2. Point Spark’s Iceberg REST catalog at the gateway

Neksur exposes a standard Iceberg REST catalog surface at:

https://<neksur-host>/v1/iceberg/{prefix}/...

Configure Spark’s Iceberg REST catalog to use that URI. With {prefix} = meridian:

spark-sql \
  --conf spark.sql.catalog.lakehouse=org.apache.iceberg.spark.SparkCatalog \
  --conf spark.sql.catalog.lakehouse.type=rest \
  --conf spark.sql.catalog.lakehouse.uri=https://neksur.example.com/v1/iceberg/meridian \
  --conf spark.sql.catalog.lakehouse.token="$NEKSUR_TOKEN"

That is the only change from a direct-to-catalog setup — the uri now points at Neksur, which forwards to your real catalog after policy evaluation.

The three path segments after the prefix (namespace, table) must match ^[a-zA-Z0-9_-]+$. Use simple namespace/table names.

3. Write — and watch policy apply

A normal Iceberg write now flows through the gateway:

INSERT INTO lakehouse.sales.orders VALUES (1, 'widget', 19.99);

Under the hood this is a commit to POST /v1/iceberg/meridian/namespaces/sales/tables/orders. The gateway runs the full commit pipeline (validate → load → policy fetch → evaluate → forward → audit → ingest) and returns:

200 — allowed; the upstream catalog’s commit response is echoed back, and an approved WriteEvent is recorded.
403 — a policy denied the commit; the rejection and its reason are written to the audit log. Your Spark write fails with the reason.
503 — the policy engine could not produce a verdict (fail-closed): the commit is rejected rather than allowed-by-default. This is by design — see Architecture.
409 — an upstream Iceberg commit conflict; rebase and retry.

To author the policies that drive these decisions, see Author Access policies.

4. Multi-table commits

If your job commits several tables atomically, Spark’s transaction hits POST /v1/iceberg/{prefix}/transactions/commit. Neksur applies reject-all semantics: if any table’s commit would be denied, the whole transaction is rejected and nothing is forwarded — you cannot smuggle a denied write inside a permitted batch.
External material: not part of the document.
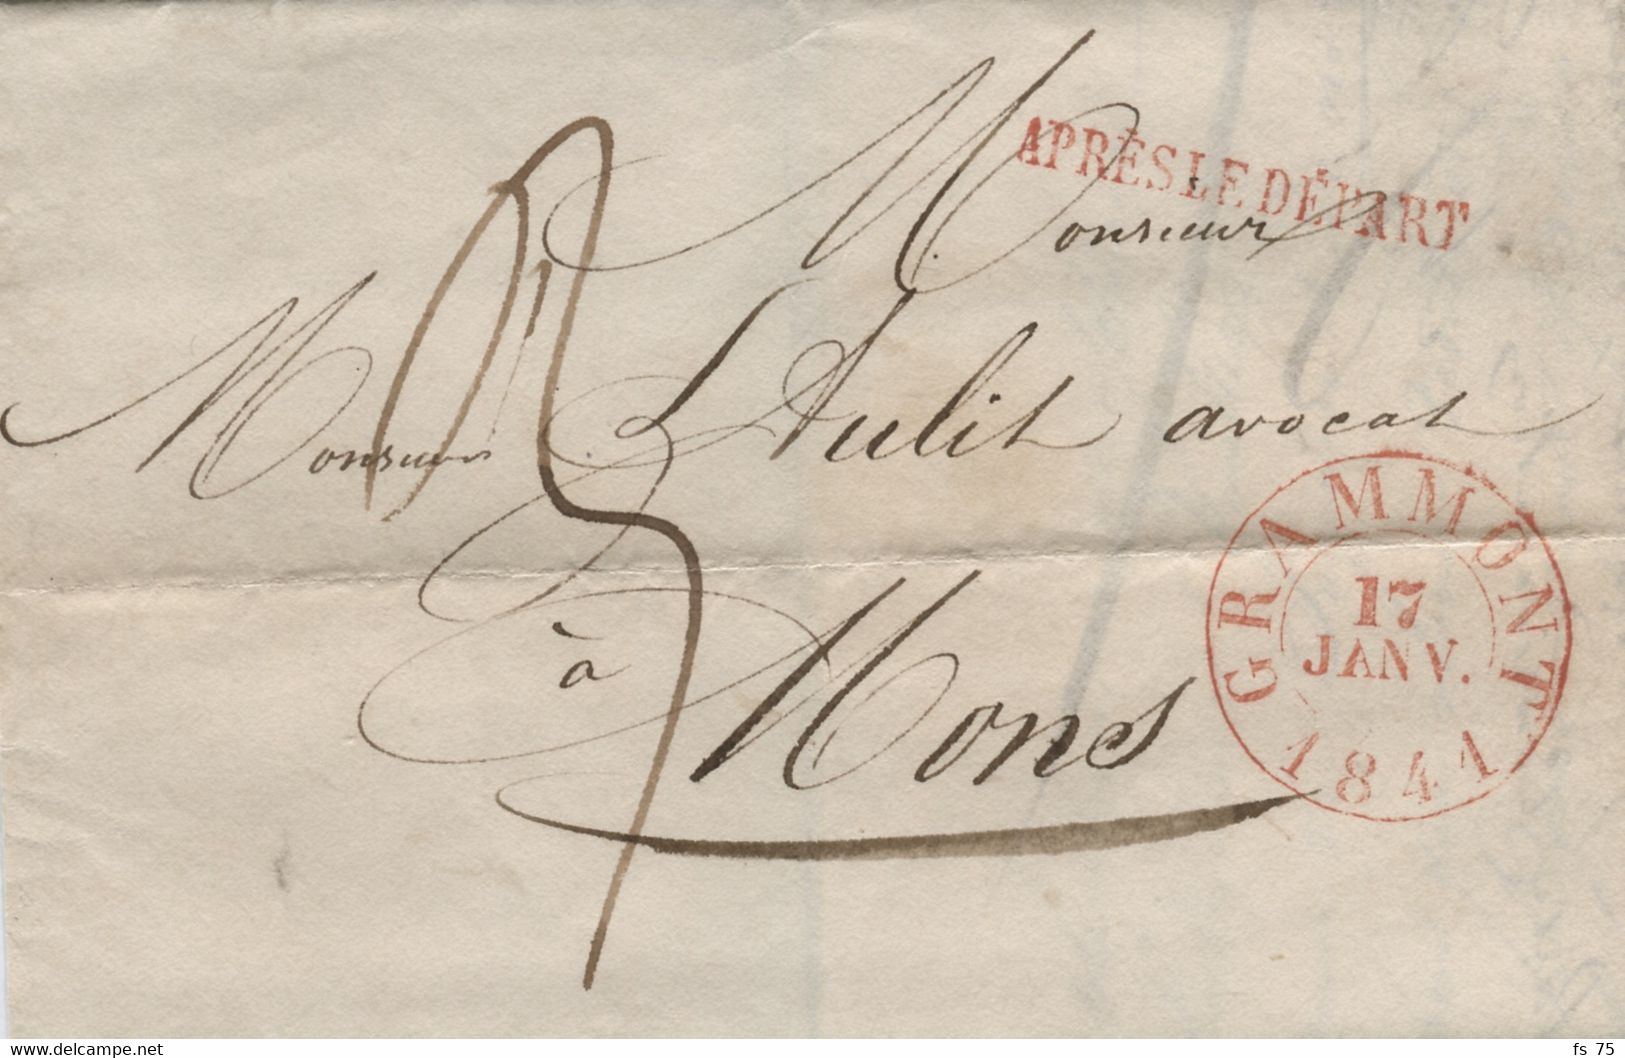 BELGIQUE - GRAMMONT + APRES LE DEPART SUR LETTRE SANS CORRESPONDANCE, 1841 - 1830-1849 (Belgique Indépendante)
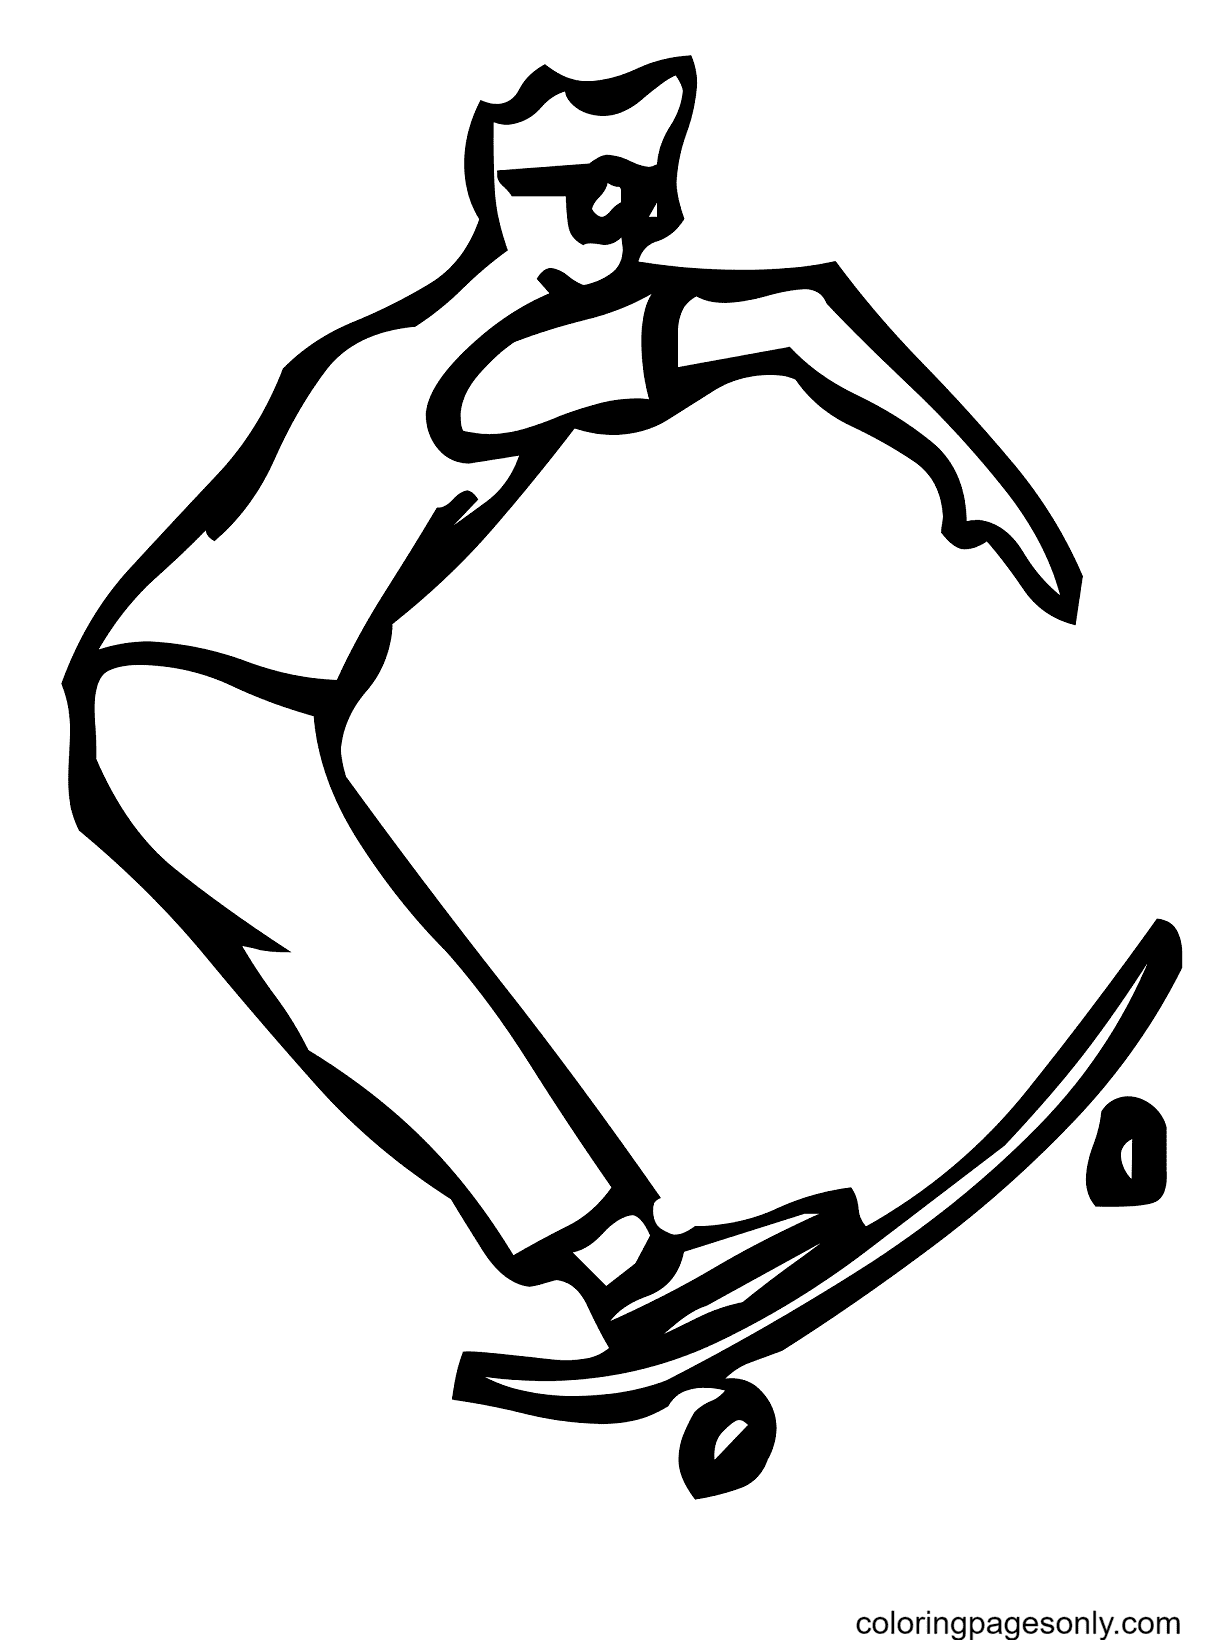 Skateboard Lettera C dalla lettera C

5. Capture lineage (optional but recommended)

Enable Spark’s OpenLineage integration and point it at Neksur so writes land as lineage edges in the graph:

--conf spark.extraListeners=io.openlineage.spark.agent.OpenLineageSparkListener \
--conf spark.openlineage.transport.type=http \
--conf spark.openlineage.transport.url=https://neksur.example.com \
--conf spark.openlineage.transport.endpoint=/v1/lineage

Lineage ingestion is at-least-once and cycle-safe; see the REST API reference.

Optional: writer-side transform (Defense-in-Depth)

For the Defense-in-Depth tier, the neksur-spark-policy library applies column transforms before bytes hit object storage — so masked/encrypted values are what actually get written, not just what gets read back.

Supported stack: Scala 2.12 · Spark 3.5 · Iceberg iceberg-spark-runtime-3.5_2.12 1.6.x · JDK 17. Pin the Iceberg runtime jar to the supported version — a mismatch silently disables write interception.

Silent — Catalyst extension (intercepts all governed writes):

spark-submit \
  --jars /path/to/neksur-spark-policy.jar \
  --conf spark.sql.extensions=com.neksur.spark.policy.NeksurEnforcementExtension \
  --conf spark.neksur.endpoint=https://neksur.example.com \
  --conf spark.neksur.token="$NEKSUR_TOKEN" \
  job.py

Explicit — SDK (opt-in per write):

import com.neksur.spark.policy.NeksurDataFrameWriter
new NeksurDataFrameWriter(df, "sales.orders").append()   // or overwrite / overwritePartitions / merge

Both frontends call the same transform library and are proven byte-identical by a CI parity gate. Both are fail-closed: if the transform plan can’t be fetched, the write aborts with a SparkException — no governed write proceeds without a successfully applied policy.

See Deployment → Spark integration for the operational details.

Troubleshooting

Symptom	Likely cause
`404` on commit	No `catalog_credentials` row for `{prefix}` in this tenant. Re-run `catalog discover` / register the credential.
`400` on commit	A namespace/table name doesn’t match `^[a-zA-Z0-9_-]+$`.
`401`	No principal — missing/empty bearer token or mTLS SAN.
`503` (sustained)	Policy engine unavailable (fail-closed). Check the gateway’s `commit_rejected_total{reason="policy_engine_unavailable"}` metric and the deploy runbook.
Writer-side `SparkException`	Transform-plan fetch failed (fail-closed), or an Iceberg runtime version mismatch.